Why Anodes Used to Fail
Before this specification, the effectiveness of sacrificial anodes was unpredictable. Two seemingly identical vessels using zinc anodes could have completely different corrosion outcomes. The issue?
Many zinc anodes weren’t staying electrochemically active over time. A dense film—mainly iron oxide—would form on the surface, caused by excess iron in the zinc itself, rendering the anode inert.
The Birth of MIL-A-18001
The new military spec required:
- Maximum 0.0014% iron content
- Strict limits on copper, silicon, and other impurities
- Use of Special High Grade (SHG) zinc—the purest commercially available zinc
- Stringent manufacturing controls to prevent contamination during casting
This created a reliable standard that dramatically improved the consistency and protection of zinc anodes in service.
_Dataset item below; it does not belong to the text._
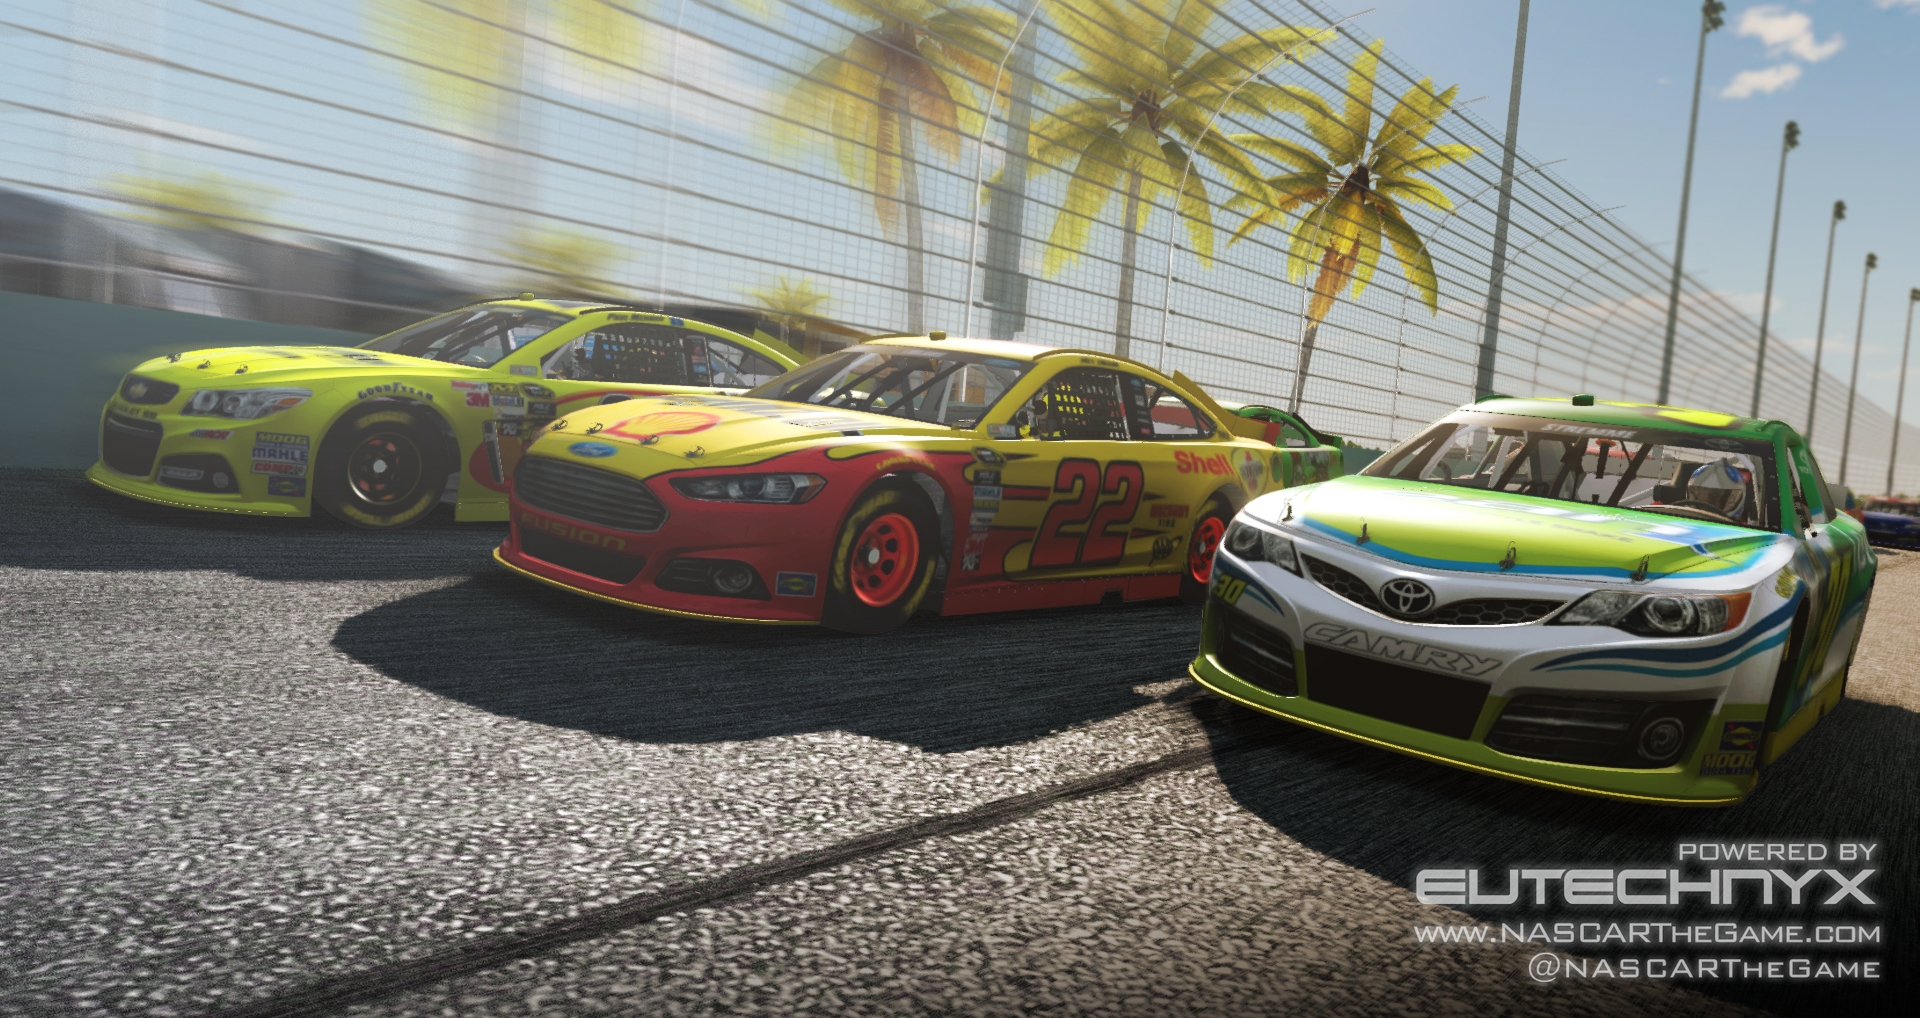 Скриншот из игры NASCAR: The Game 2013 под номером 13
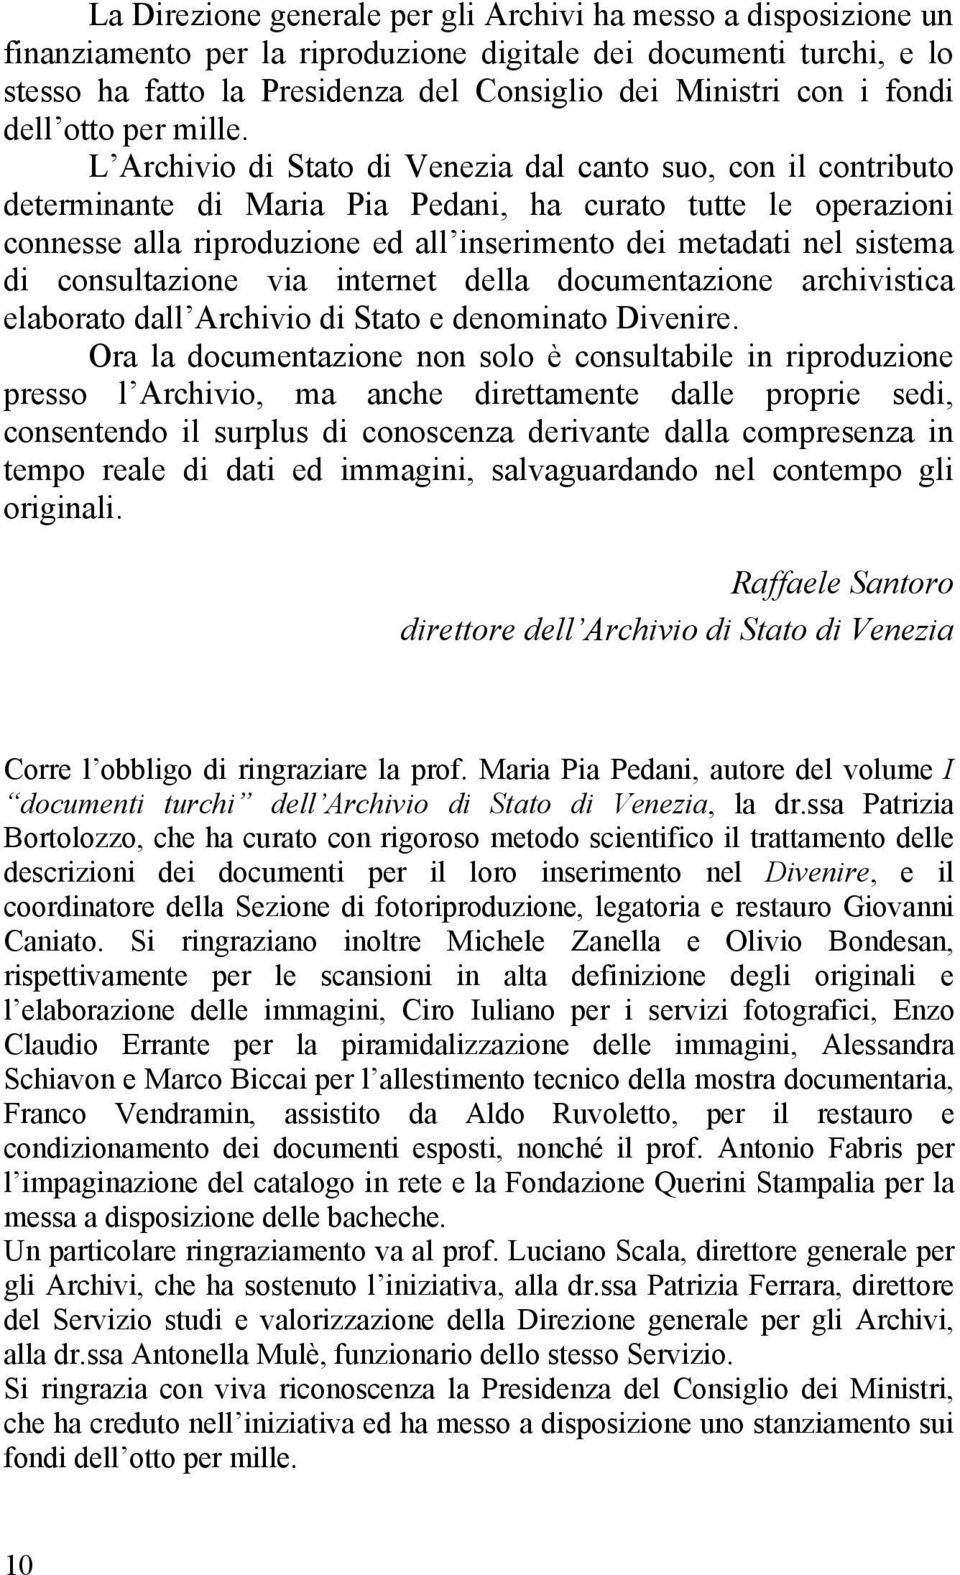 L Archivio di Stato di Venezia dal canto suo, con il contributo determinante di Maria Pia Pedani, ha curato tutte le operazioni connesse alla riproduzione ed all inserimento dei metadati nel sistema

Refinement Through Alloying
Over time, metallurgists discovered that by adding controlled amounts of aluminum and cadmium, anodes could tolerate slightly higher iron content—up to 0.005%—without passivating. These alloyed zinc anodes form a loosely adherent zinc oxide layer that naturally sheds in water, exposing fresh metal and keeping the anode continuously active.
Why MIL-Spec Still Matters Today
Only through continuous electrochemical activity can a zinc anode provide lasting protection. Anodes that don’t meet MIL-A-18001 risk being contaminated, underperforming, or worse—failing to protect your structure altogether.
That’s why every Reliance Zinc Anode is certified to meet or exceed MIL-A-18001 standards—because when it comes to corrosion protection, there’s no room for compromise.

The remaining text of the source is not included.